The Bank’s journey was underscored by implementation of the Online Regulatory Analytic Surveillance System (ORASS) from 2019 to 2022. ORASS, designed to bolster the effectiveness of financial supervision, encompass diverse modules and enable comprehensive supervisory functionalities.

Mrs. Awadzi highlighted the transformative impact of ORASS by stating: “It has provided a single portal that consolidates prudential data from regulated institutions, streamlines reporting templates, eliminates data silos and aids operational, analytical and policy decisions”.

Despite its success, the ORASS implementation journey revealed pivotal lessons crucial for future ventures into Suptech adoption. Mrs. Awadzi emphasised several key takeaways, including the need for aligned implementation timelines with the readiness of regulated institutions. She noted: “Timelines should reflect institutions’ capacities to migrate to new systems; overestimation of readiness poses challenges”.

Moreover, granular-level data collection presents challenges due to lacking baseline data, requiring interim steps for institutions to update customer profiles before system commencement. Cybersecurity risks surge with system implementation, compelling the establishment of a Financial Industry Command Security Operations Centre (FICSOC) to fortify cyber-resilience across the industry.

Cost implications emerge as a significant consideration, with acquisition costs potentially proving prohibitive. Mrs. Awadzi advocated for sequencing module adoption to optimise efficiency gains and promote local expertise utilisation to mitigate expenses.

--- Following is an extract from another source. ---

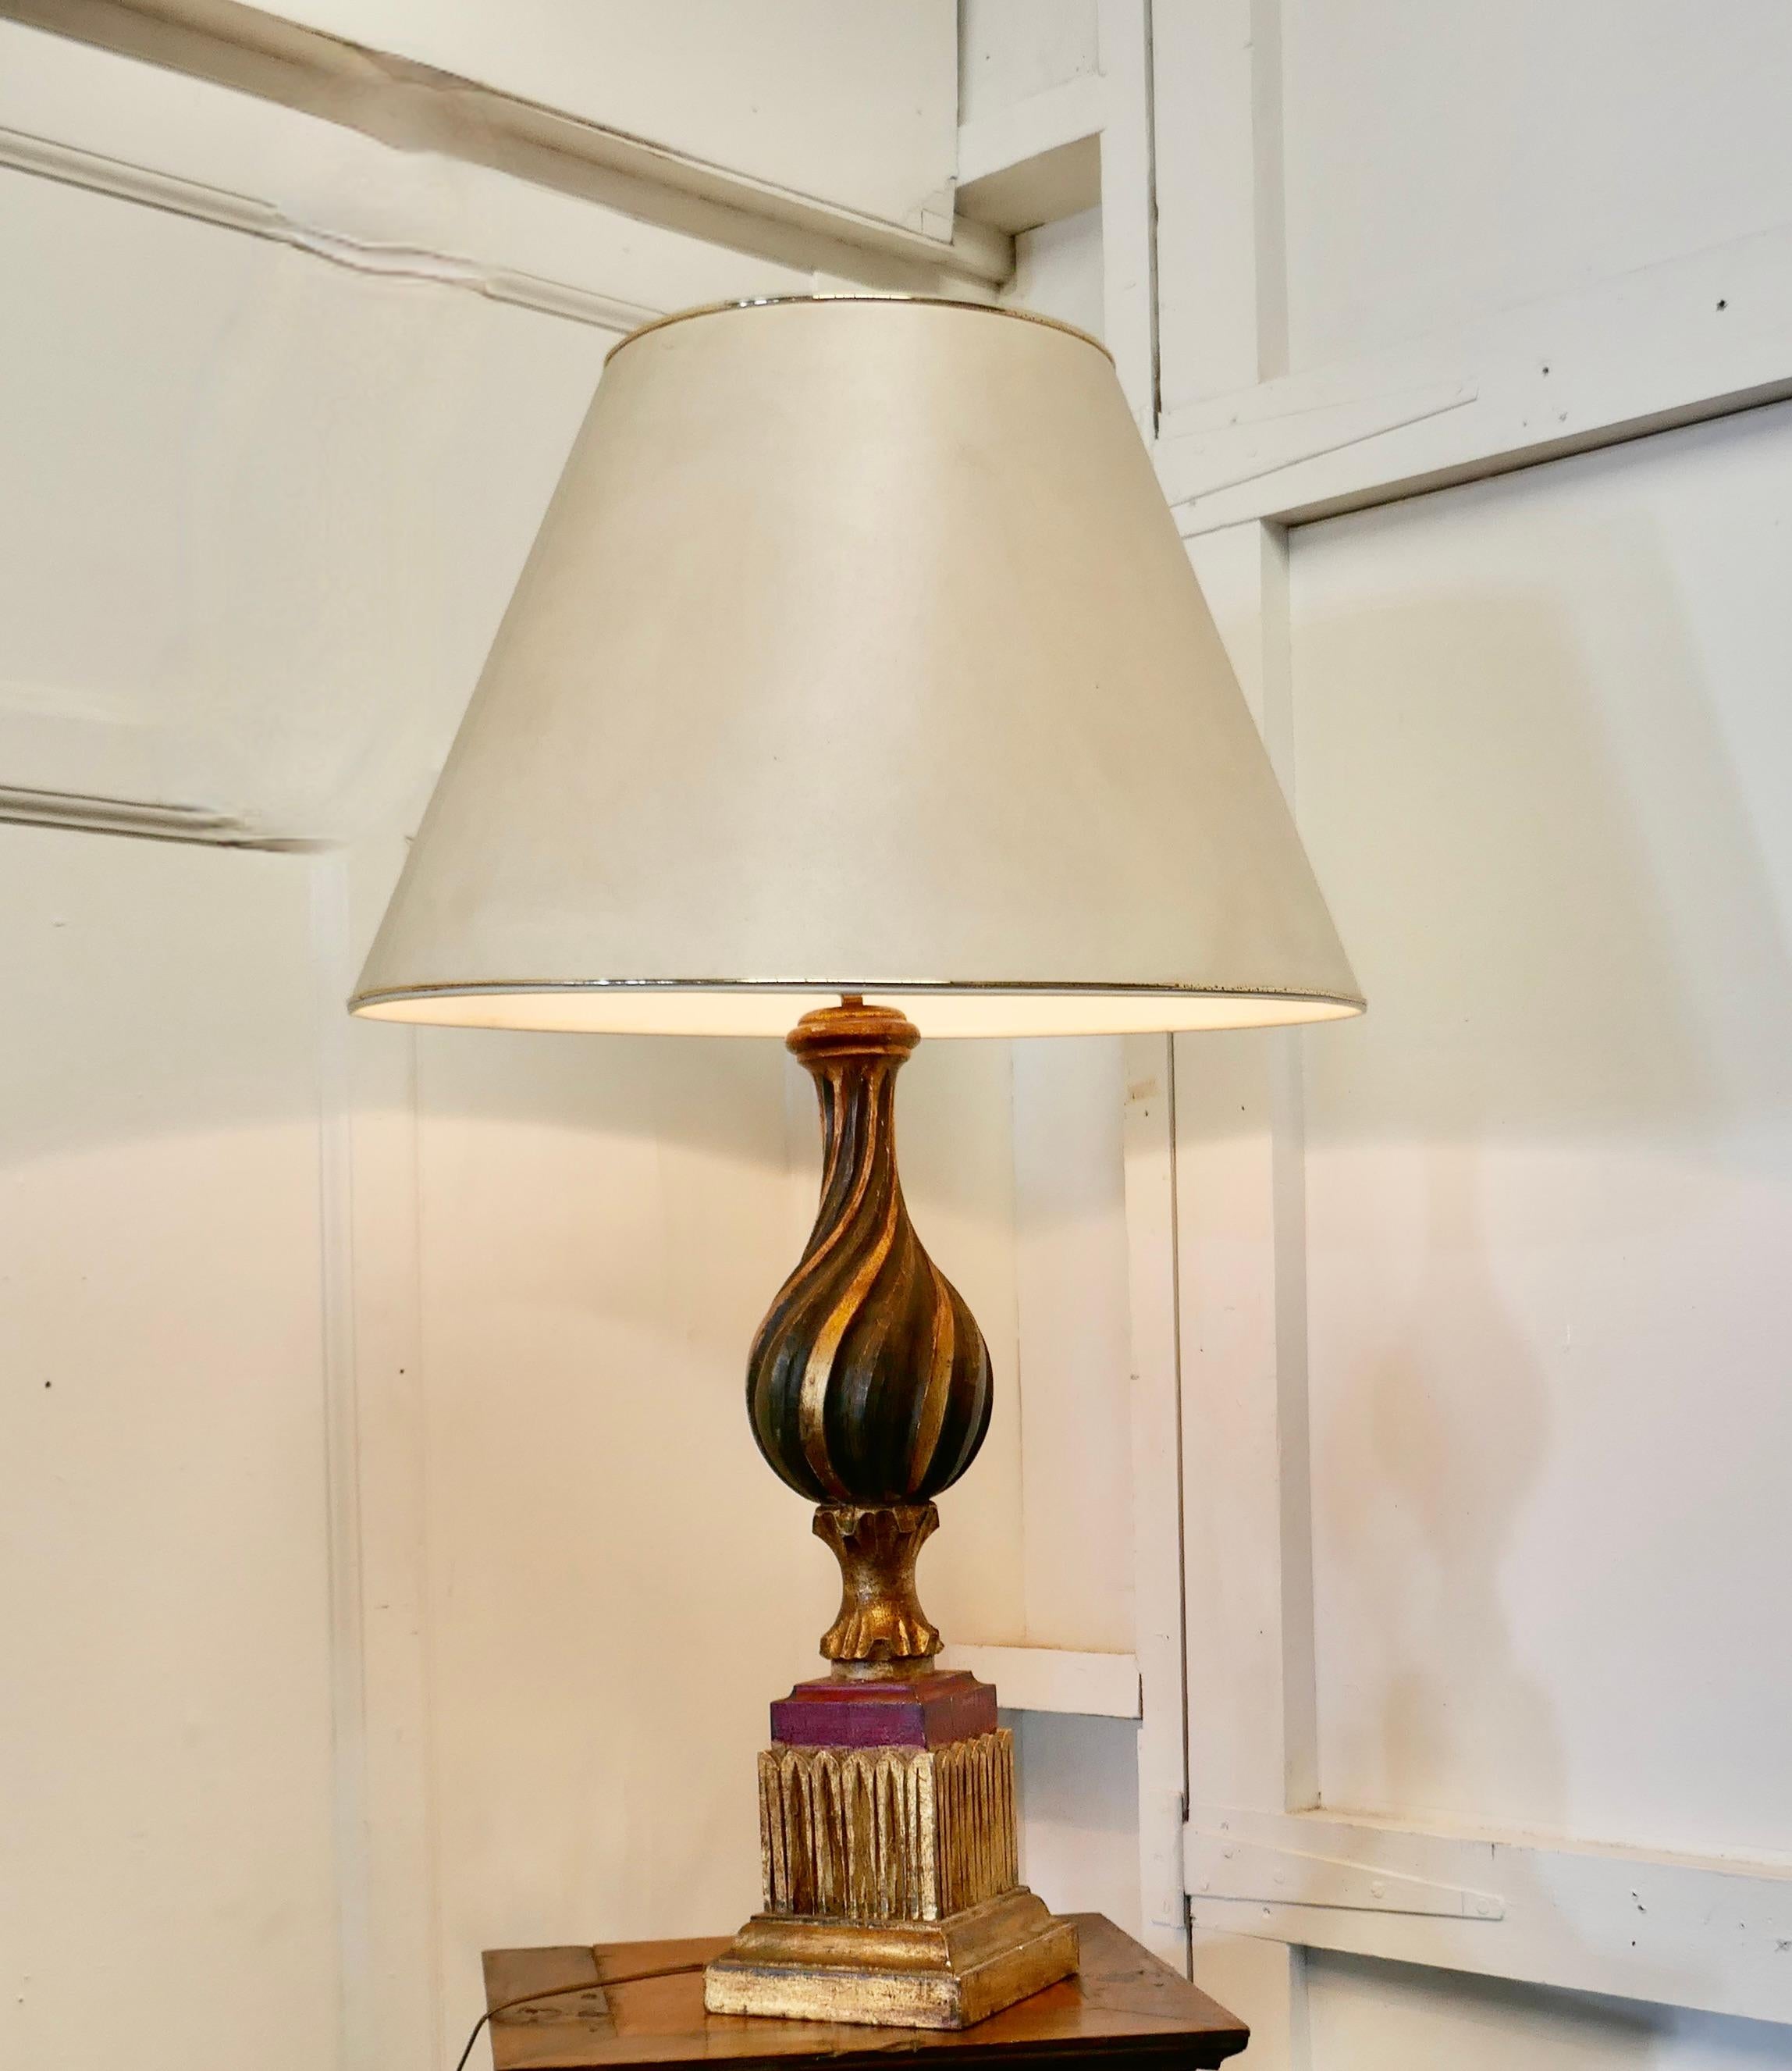 1920er Bulbous Folk Art gemalt Spanisch Lampe und Schatten

Dies ist eine attraktive bemalte Lampe, die Lampe hat eine handgeschnitzte bauchige Fair Ground Twisted Spalte, die in Gold, Grün und Rot gemalt ist, hat die Farbe jetzt in der Farbe

The collaboration with Cambridge Suptech Lab to develop a consumer protection Suptech tool demonstrates the Bank’s commitment to complementing ORASS, enabling an integrated prudential and consumer protection view of supervised entities. Mrs. Awadzi expressed gratitude for this collaboration, citing its role in the Bank’s continuous journey toward bolstered effectiveness.

Throughout this journey, the Bank prioritised capacity building and technology transfer – ensuring maximum knowledge-exchange with the vendor to facilitate local post-implementation support. However, Mrs. Awadzi stressed that even with well-designed Suptech, effective supervisory judgment remains indispensable; necessitating ongoing investments in supervisor capacity building.

The ORASS initiative not only streamlines supervisory functions but also extends support to monetary policy operations and foreign exchange market surveillance. The system’s ability to collect granular-level data enables a comprehensive understanding of banking services usage, facilitating interventions to promote financial inclusion.

In conclusion, the Bank of Ghana’s ORASS initiative stands as a testament to the transformative potential of Suptech in financial supervision. Its successes and challenges serve as guideposts for supervisory authorities globally, promoting international peer-learning and collaboration in navigating the evolving landscape of financial technology and oversight.